Another approach is that of Christos Gage and Ruth Fletcher Gage with their plot about ivory poaching. It’s truer to the actuality of the TV show, but achieving that means also importing the often cheesy tone, predictability and preaching, making for a lesser read. It also undermines the heartfelt message about ivory poaching by resorting to lectures over the final page. Amy Chu employs a similar atmosphere, but more knowingly supplying a nod and a wink to the audience with her story of two cassette tapes. Amanda Deibert’s plots stand out for featuring Wonder Woman’s alternative costumes, and while both fit the tone of the TV show, her second about aliens exploiting the Cold War is the better, although neither features much in the way of twists or surprises. Trina Robbins looks to the real world problems of the 1970s and gives them a twist, writing about a cult led by a charismatic reverend being investigated by a senator, and a second plot is a bit of a heartbreaker involving cold war politics.

Almost all the artists work in a form of realism, and are strong on likenesses.

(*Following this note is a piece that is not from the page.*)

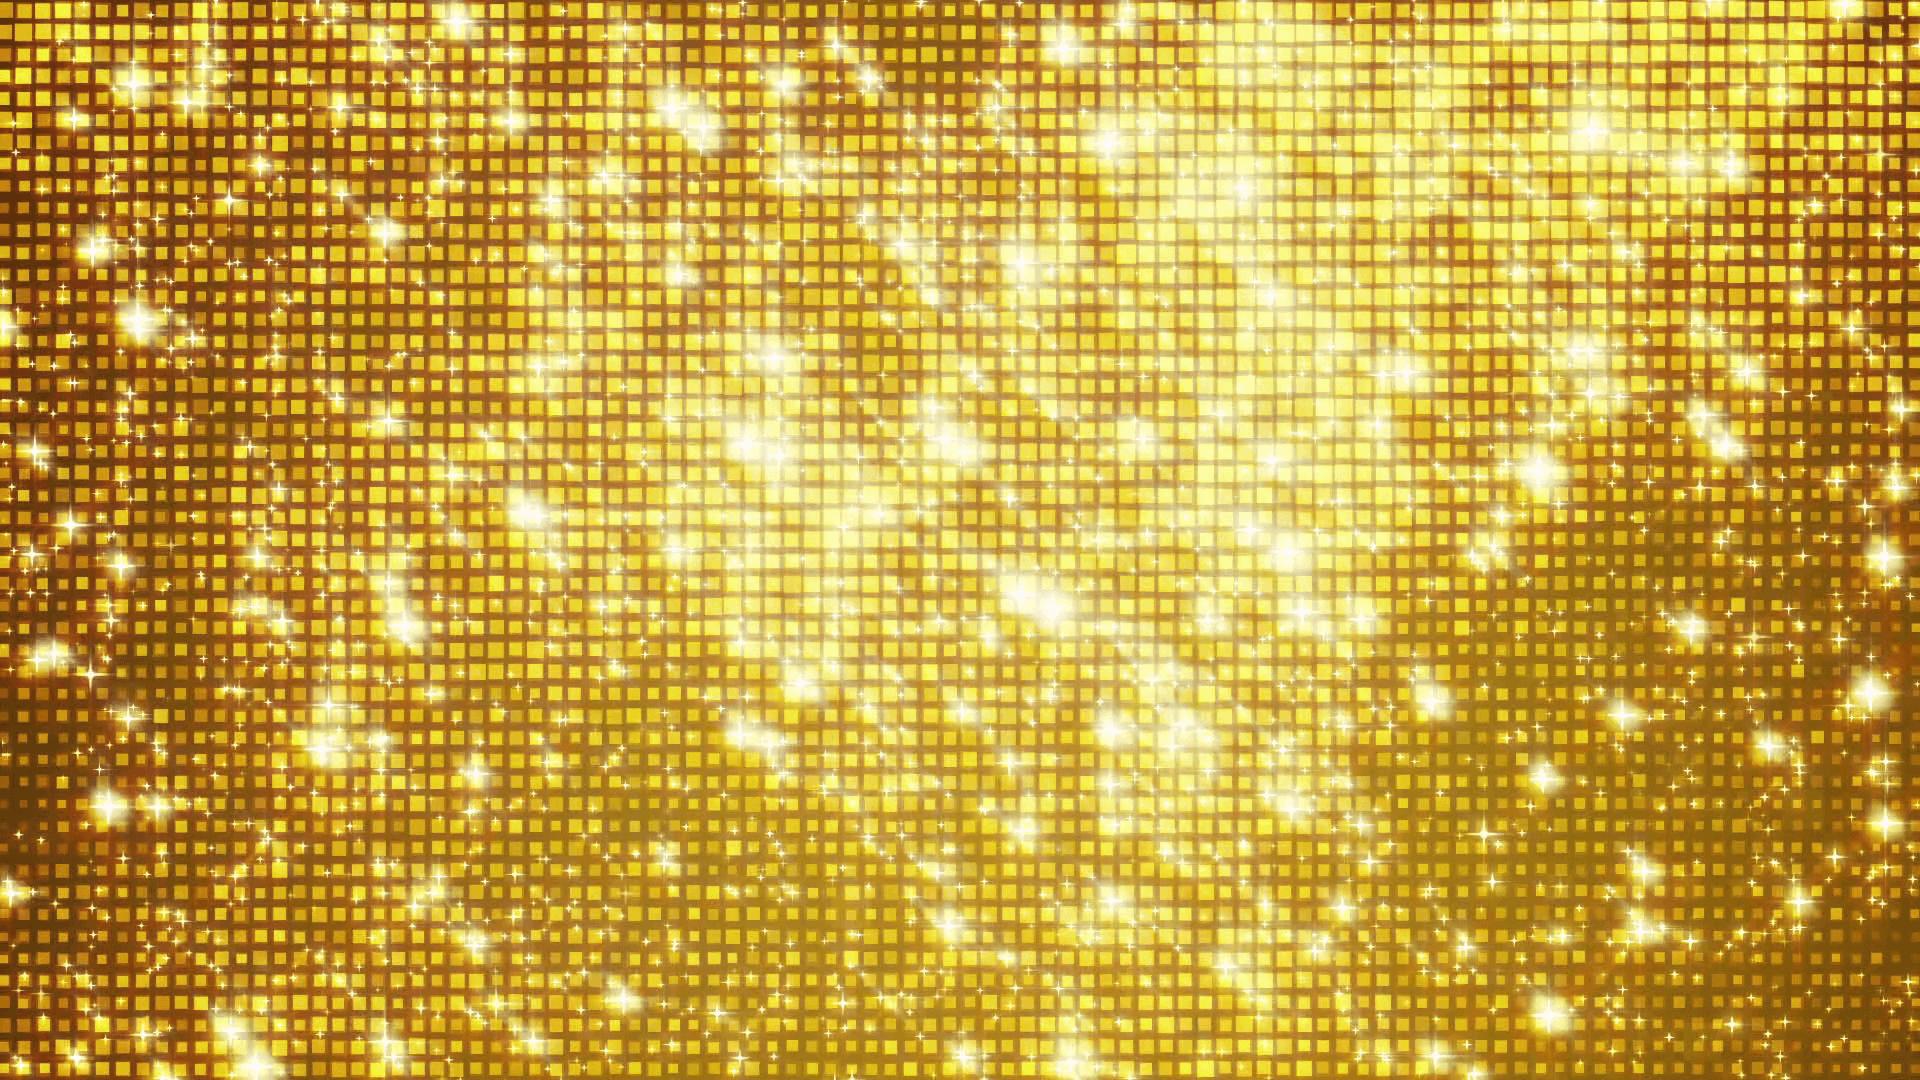 Golden Backgrounds - Wallpaper Cave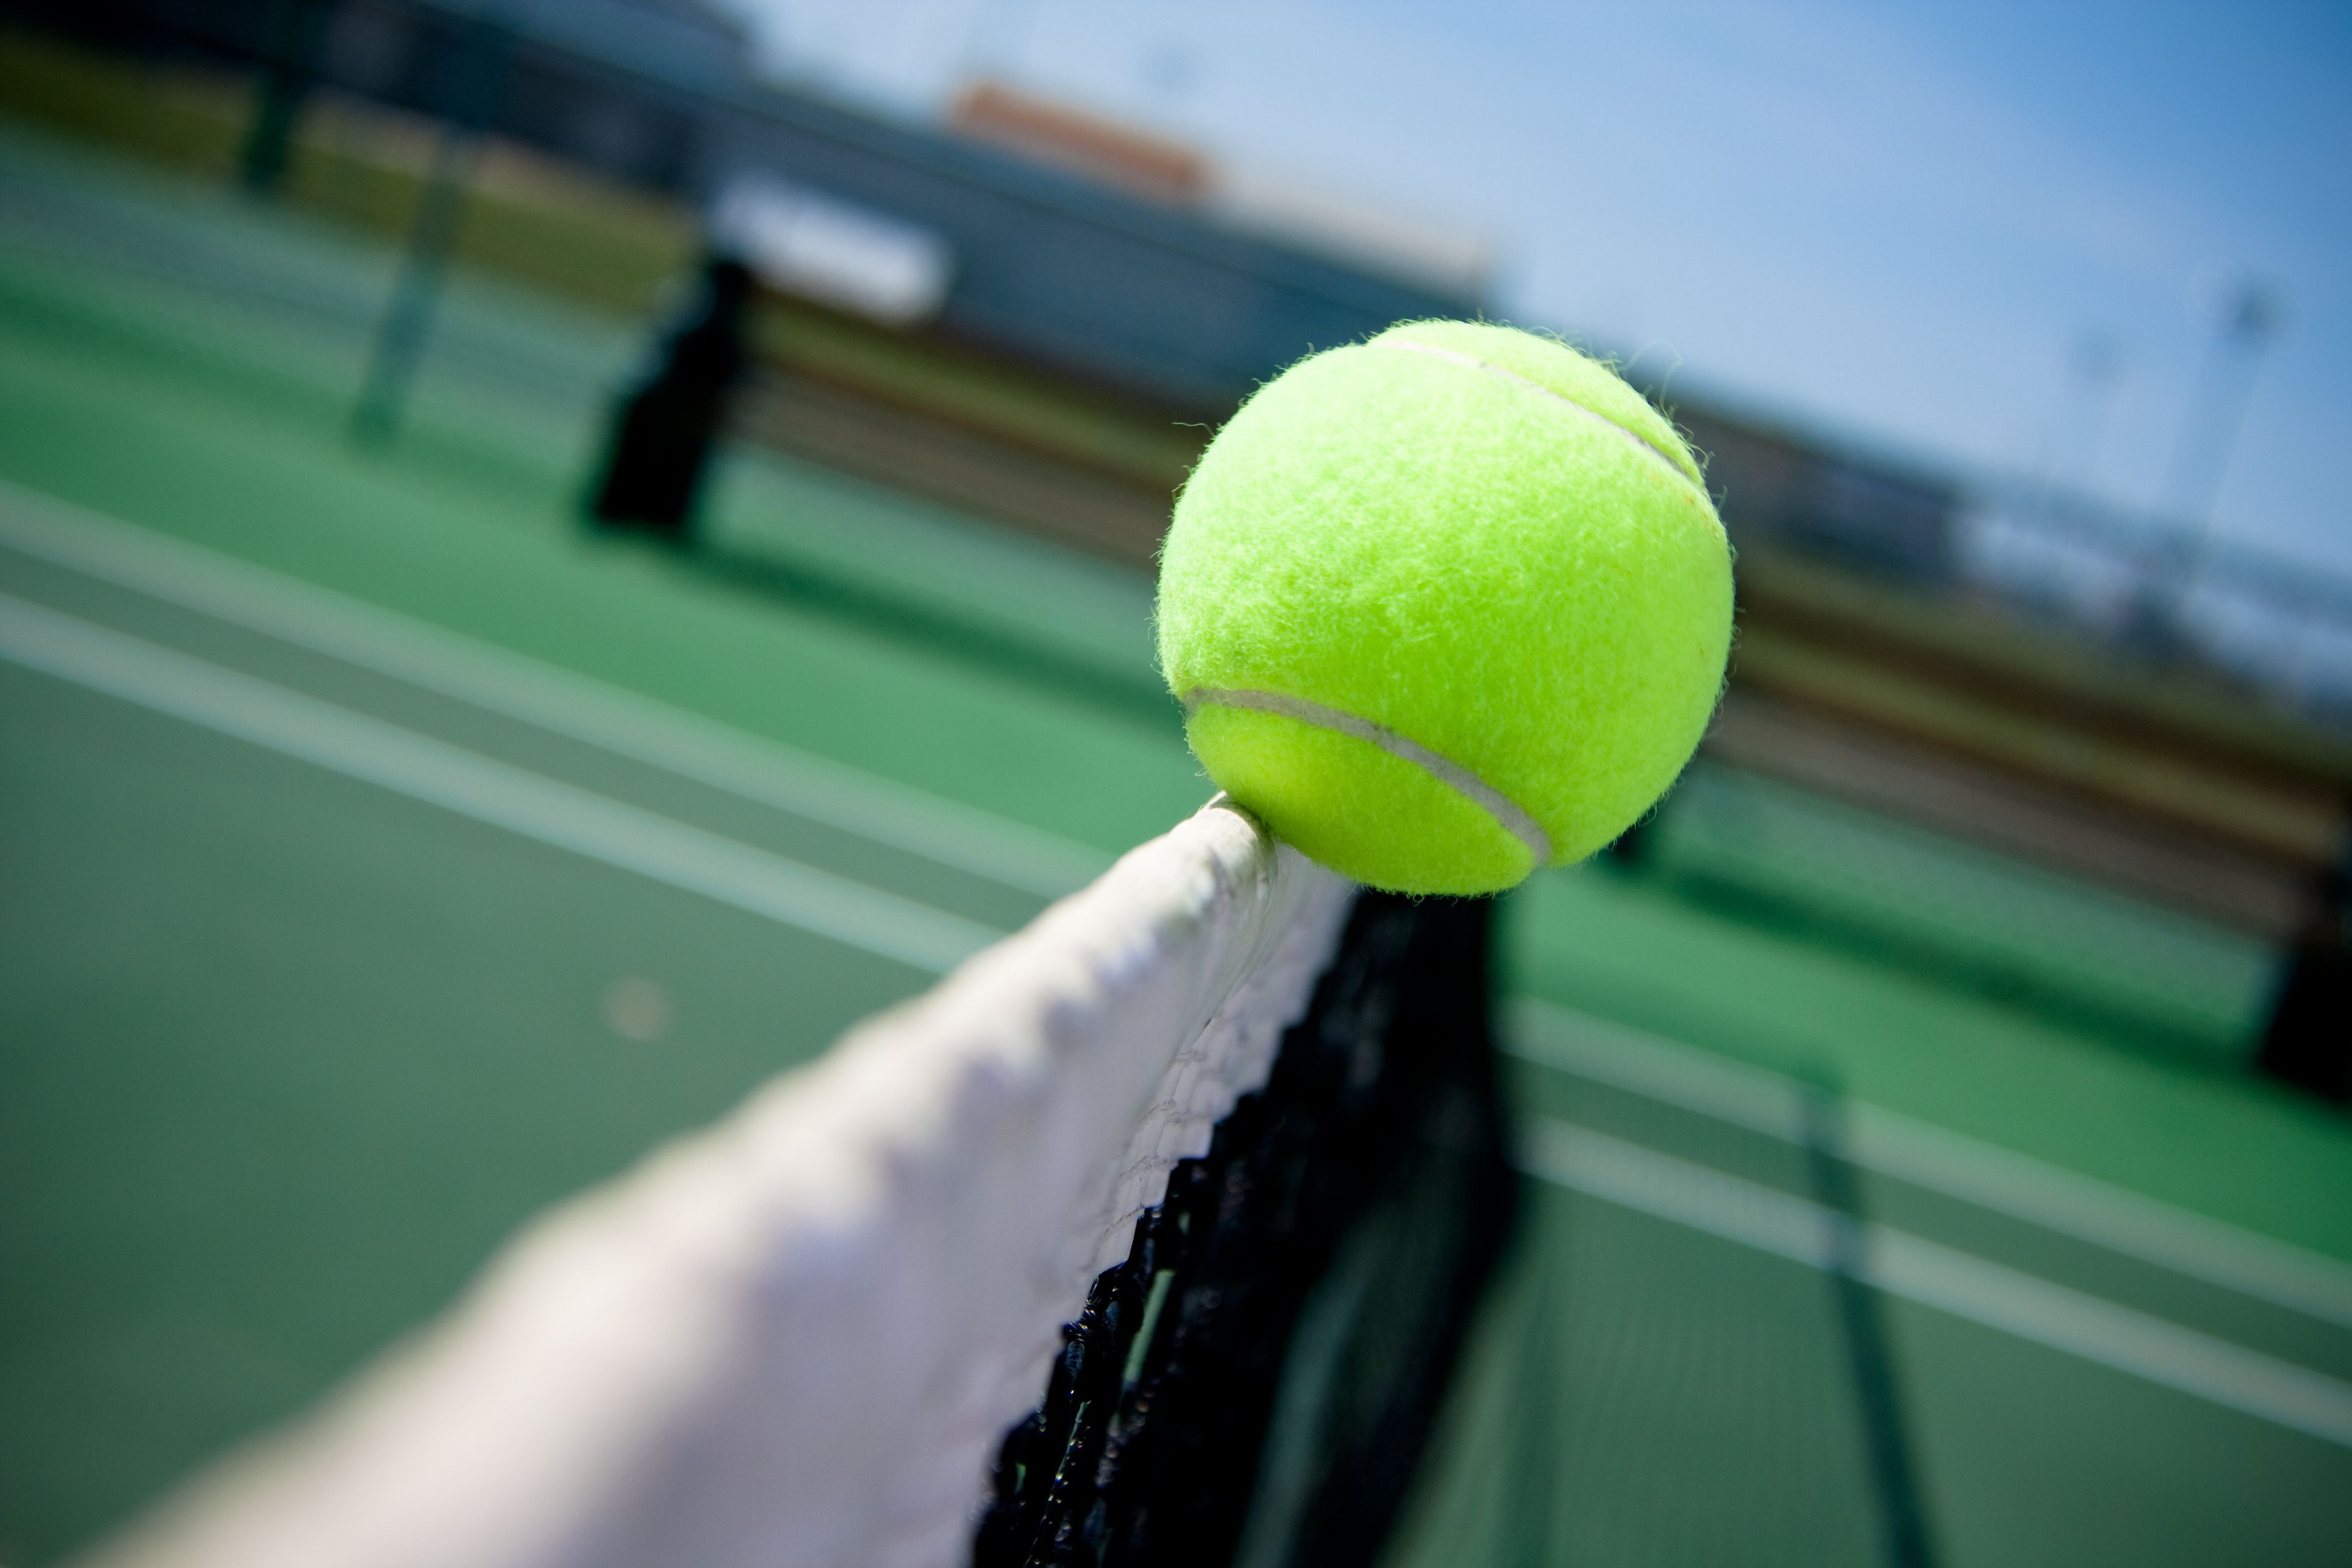 Top 10 Tennis Academies In Gurgaon I Tennis Classes In Gurgaon

Tess Fowler takes the furthest step away, her pages more cartooning than figurative, but it works as a change of pace. The concentration on visual reference does lead to some static poses, most evident in the work of Cat Staggs (sample art left). Richard Ortiz on the opening story is excellent, and Christian Duce on the closer very good, but more pages are contributed by Dario Brizuela (sample art right). He also achieves the right balance between ensuring Wonder Woman and Steve Trevor resemble Lynda Carter and Lyle Waggoner, and having them move convincingly.

This collection is certainly true to the TV series, but not as much fun as the opening volume, where more stories were unpredictable, and there was the novelty of seeing costumed villains.